>>>>
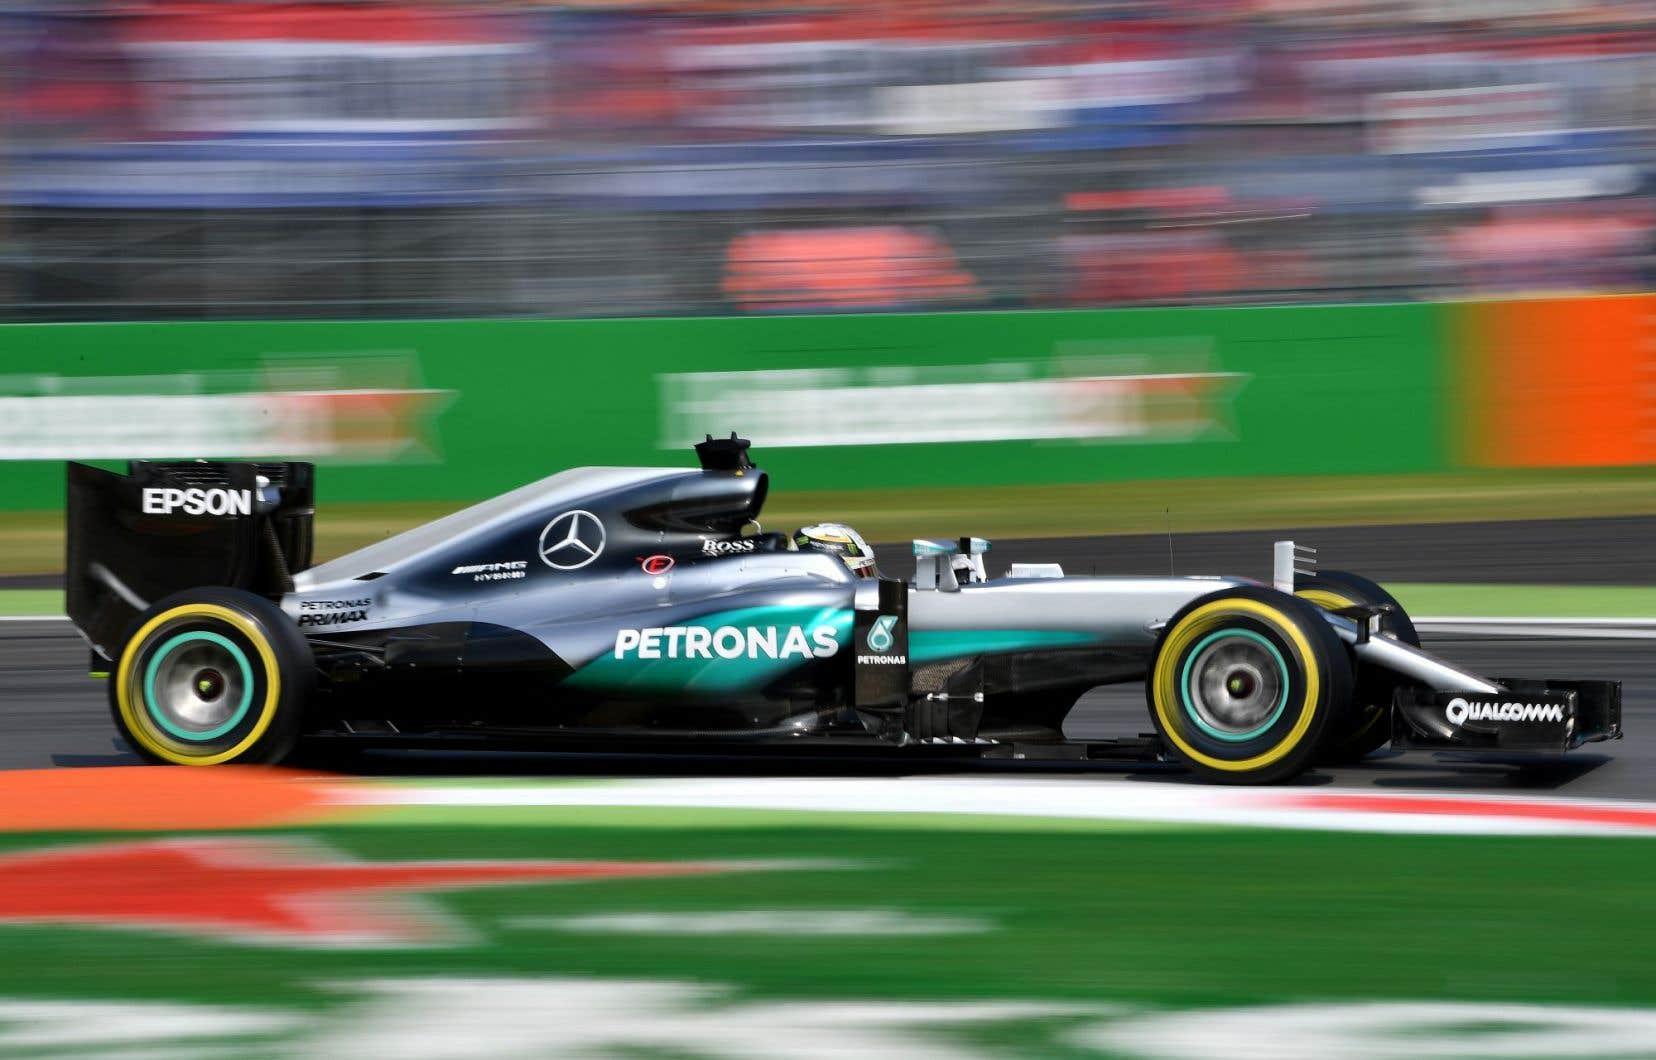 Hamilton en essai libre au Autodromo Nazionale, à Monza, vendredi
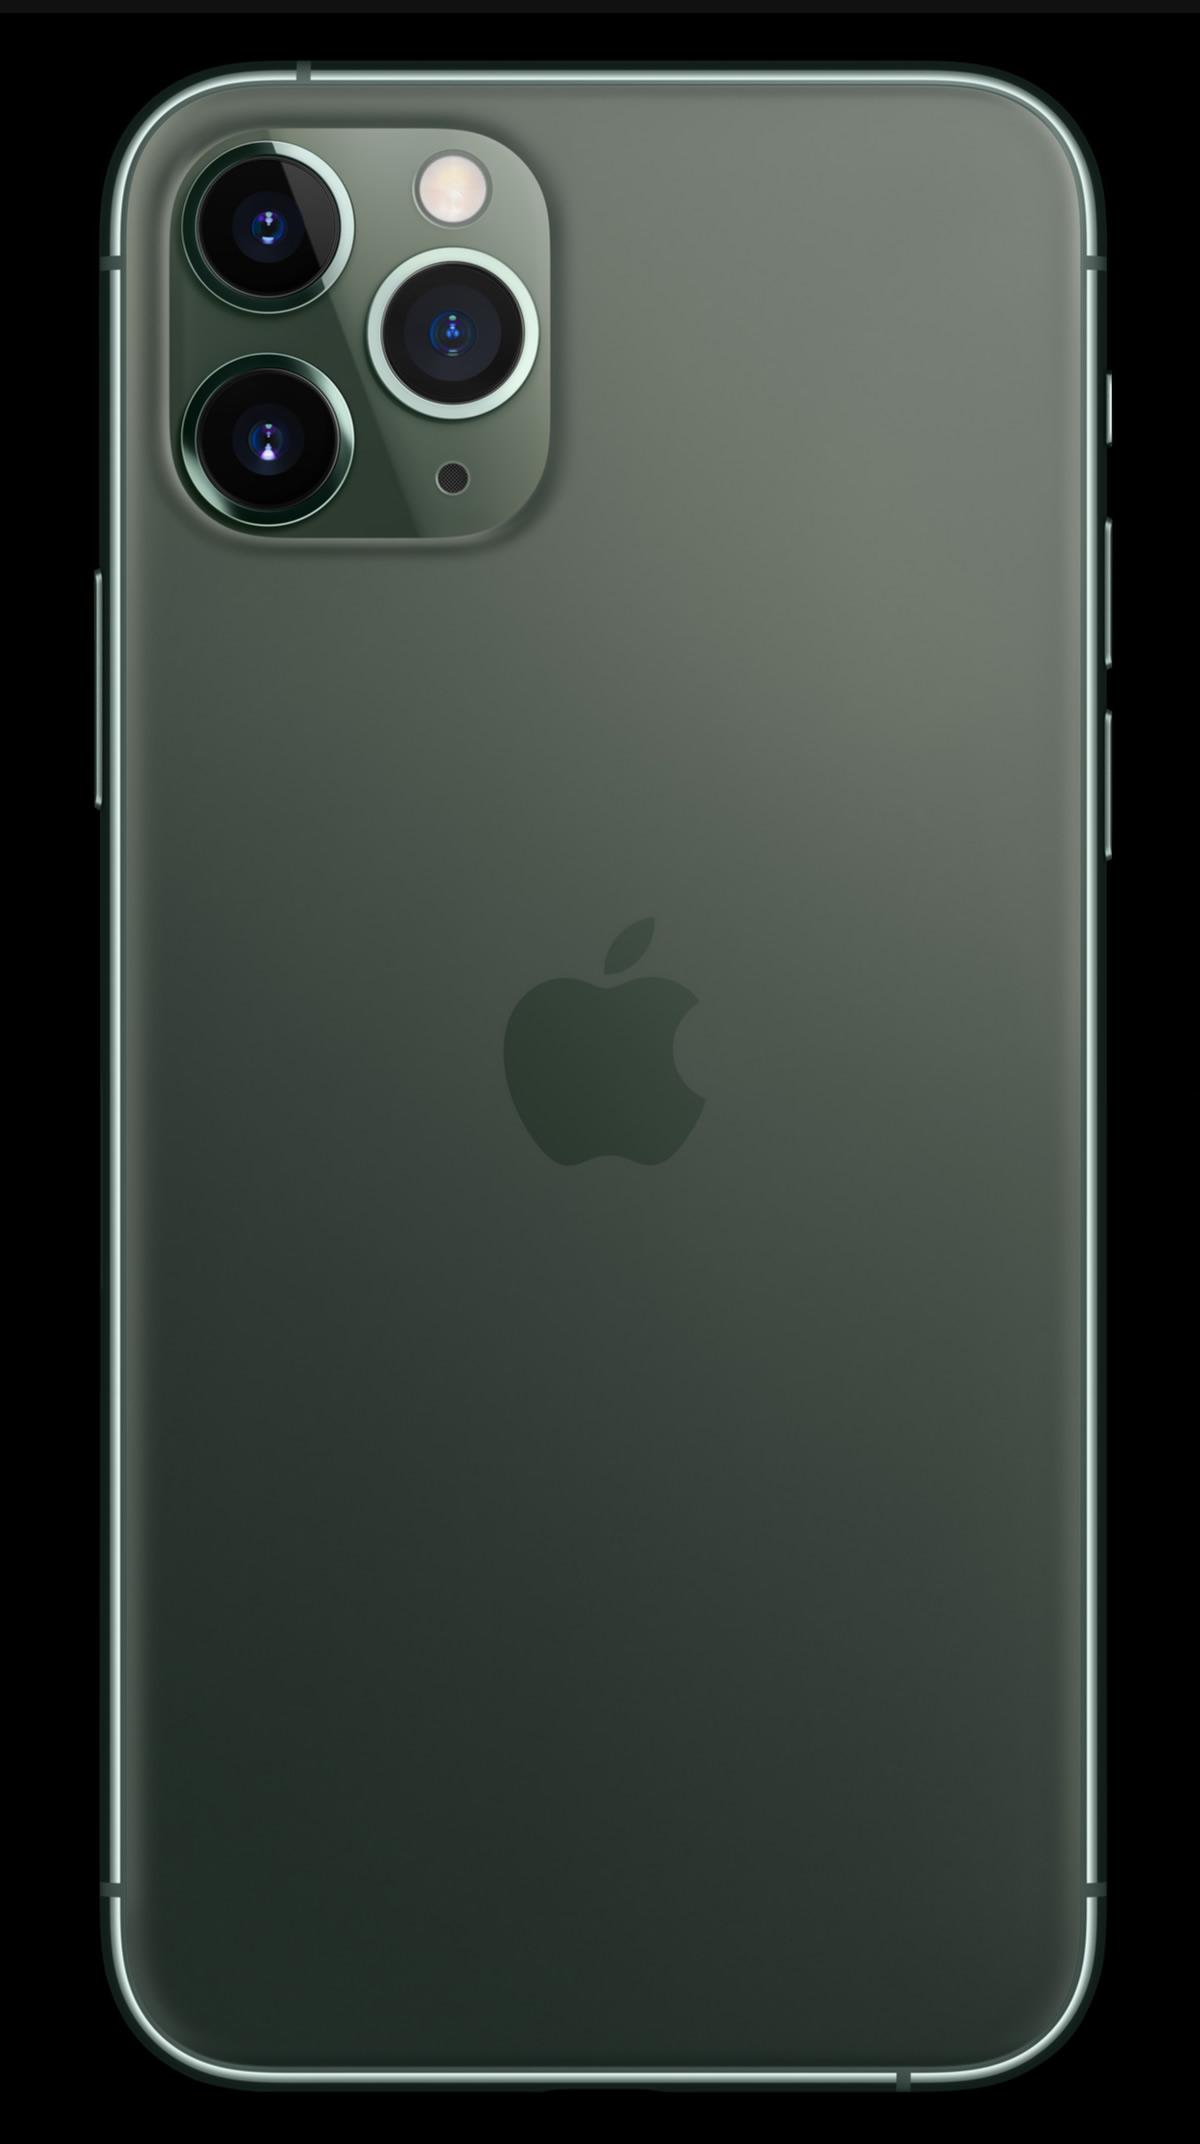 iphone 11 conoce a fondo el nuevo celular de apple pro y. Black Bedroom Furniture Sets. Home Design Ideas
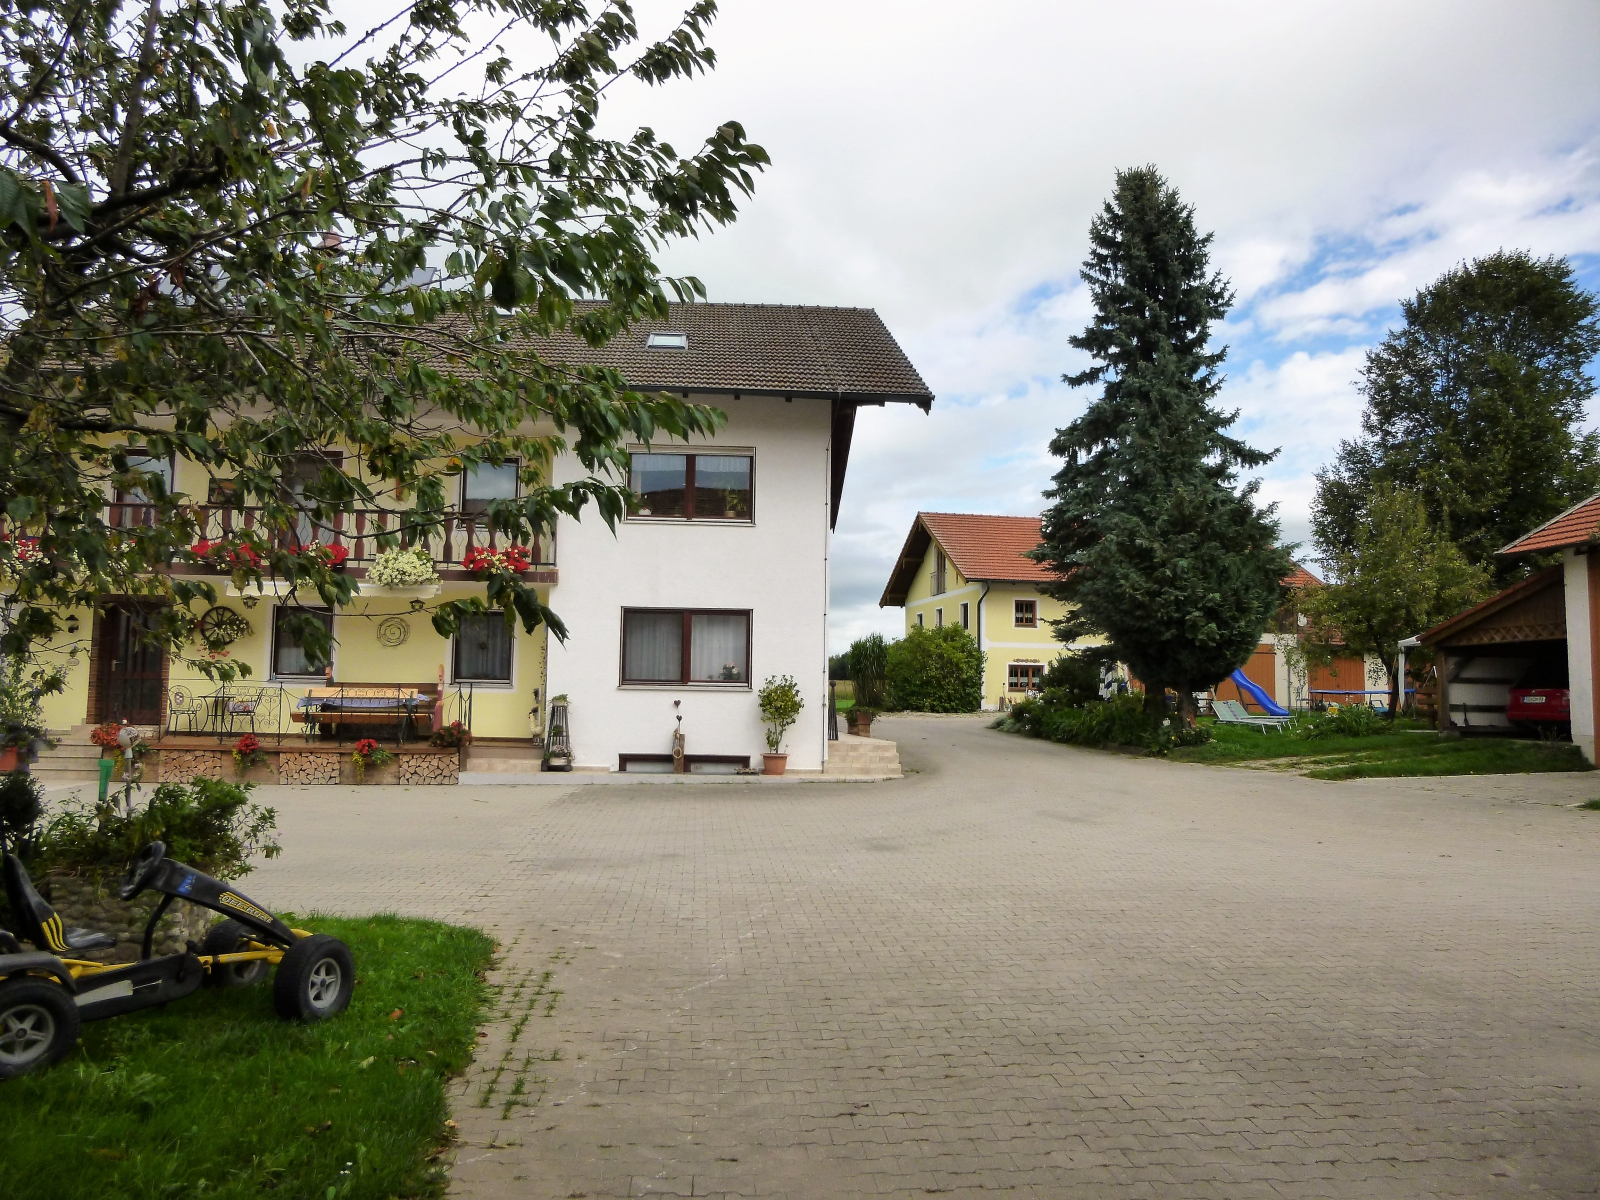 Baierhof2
<<<<
- [Problem to solve]:
Word for word, output the whole listing, but not its pictures.

- [Output for this exercise]:
 Hamilton en essai libre au Autodromo Nazionale, à Monza, vendredi
 iphone 11 conoce a fondo el nuevo celular de apple pro y. Black Bedroom Furniture Sets. Home Design Ideas
 Baierhof2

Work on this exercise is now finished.